GOALIE (GOAL oriented IntErventions) Proactive Multimodal Agent to Assist Augmented Reality

Saptarashmi Bandyopadhyay
Vikas Bahirwani
Lavisha Aggarwal
Bhanu Guda
Lin Li
Qin Liu
Tom Goldstein
John Dickerson
Andrea Colaco
2025
Google Scholar

Abstract

Multimodal AI Agents are helpful to assist and guide users in completing real-time tasks like cooking, robotics, manufacturing. An emerging form of multimodal communication is Augmented Reality (AR), where an AI Agent can enhance user experience with step-by-step guidance of tasks by observing the user's vision and language inputs.
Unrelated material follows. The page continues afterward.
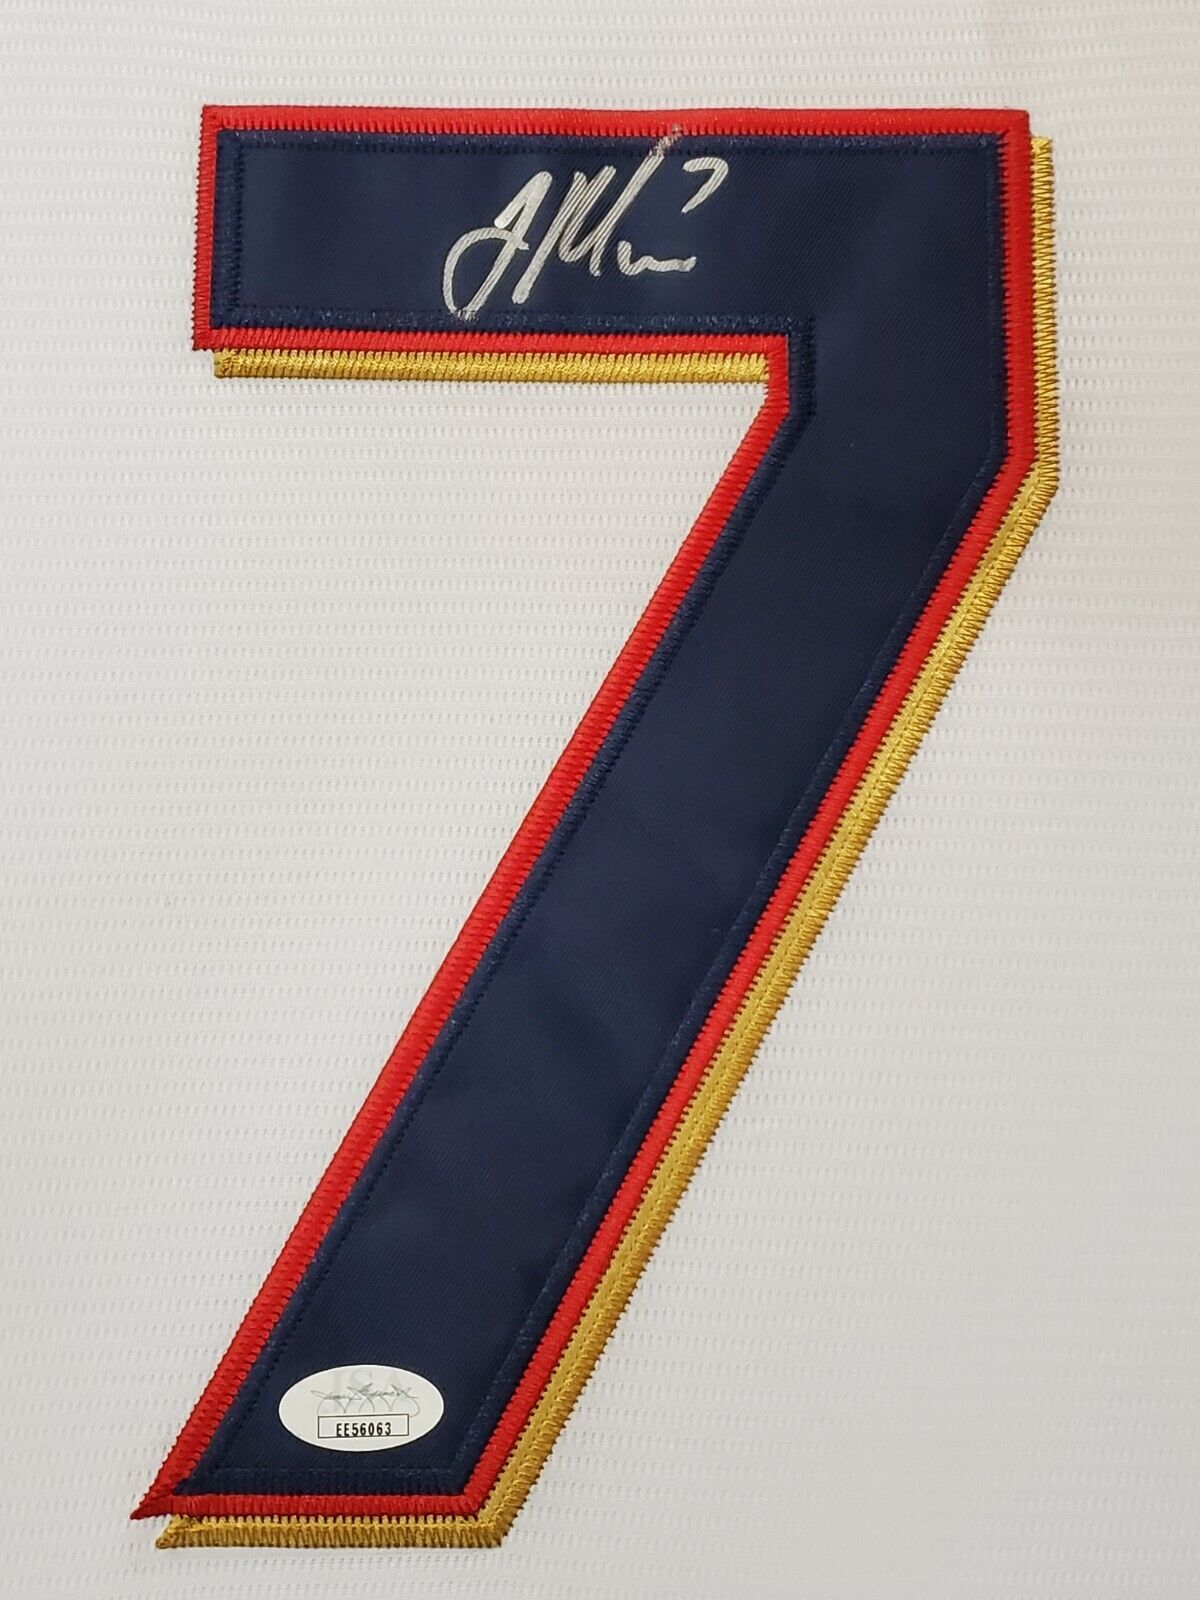 Framed Minnesota Twins Joe Mauer Autographed Signed Jersey Jsa Coa
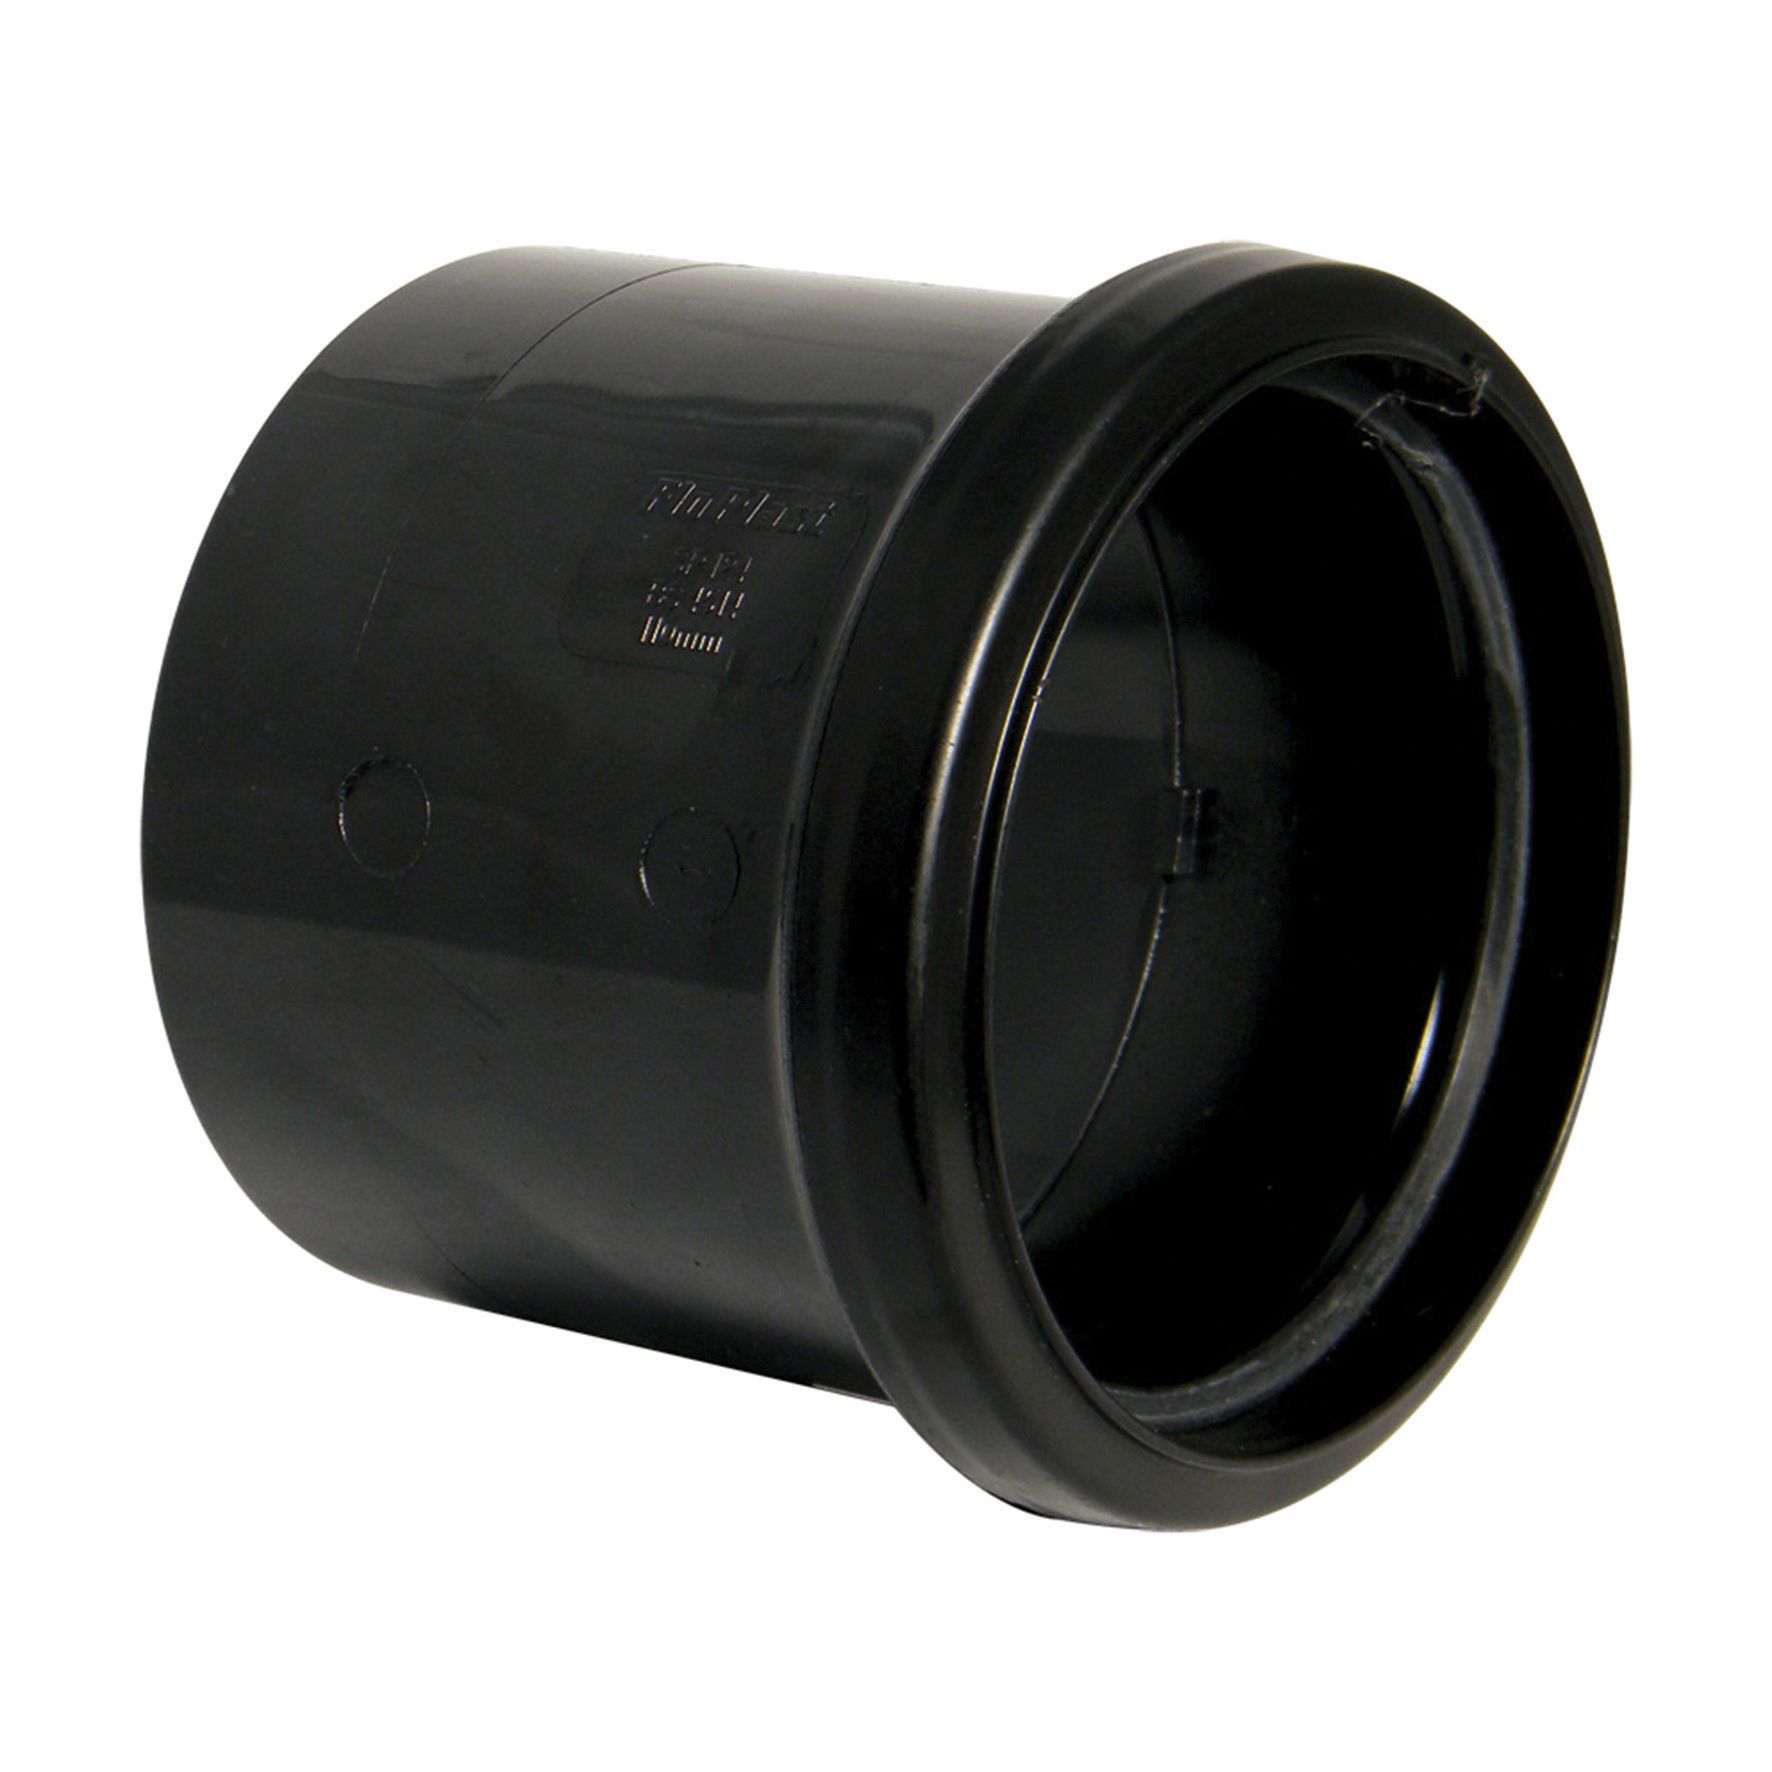 Image of FloPlast 110mm Single Socket Coupling - Black

Current LLM or VLM based agents are reactive, waiting for an user query before responding. Proactive AI Agents in AR focus on detecting when the AI Agent should autonomously intervene to fix mistakes or followup any instruction. Our GOALIE (GOAL-oriented IntErvention) Agent is the first multimodal proactive AR agent which guides the user step-by-step on its own. We build an innovative Zero-Shot Prompting framework PSoS (Proactive Sequence of Steps) with the context of abstract past user actions, the agent's previous responses, and the user's granular goals and actions before it is detected that the AI Agent should intervene. We use PSoS for Supervised Finetuning (SFT), Direct Preference Optimization (DPO) and Group-Relative Policy Optimization (GRPO) finetuning of our AI agent to improve the quality of the agent's proactive intervention. We also propose a new algorithmic framework, Bagged group Relative Policy Optimization (BRPO), to reduce the variance in rewards of generation groups, to adapt the finetuning algorithm for multimodal proactive interventions by the AI Agent and to enable real-time finetuning of the AI model. We compare the step-by-step intervention quality and efficiency of the GOALIE Agent with Gemma-3 models along with other VLMs for task execution with human expert labels. We conduct human evaluation of the proactive interventions, demonstrating user satisfaction with the GOALIE Agent's proactive interventions. We will release the code, model and human evaluation data.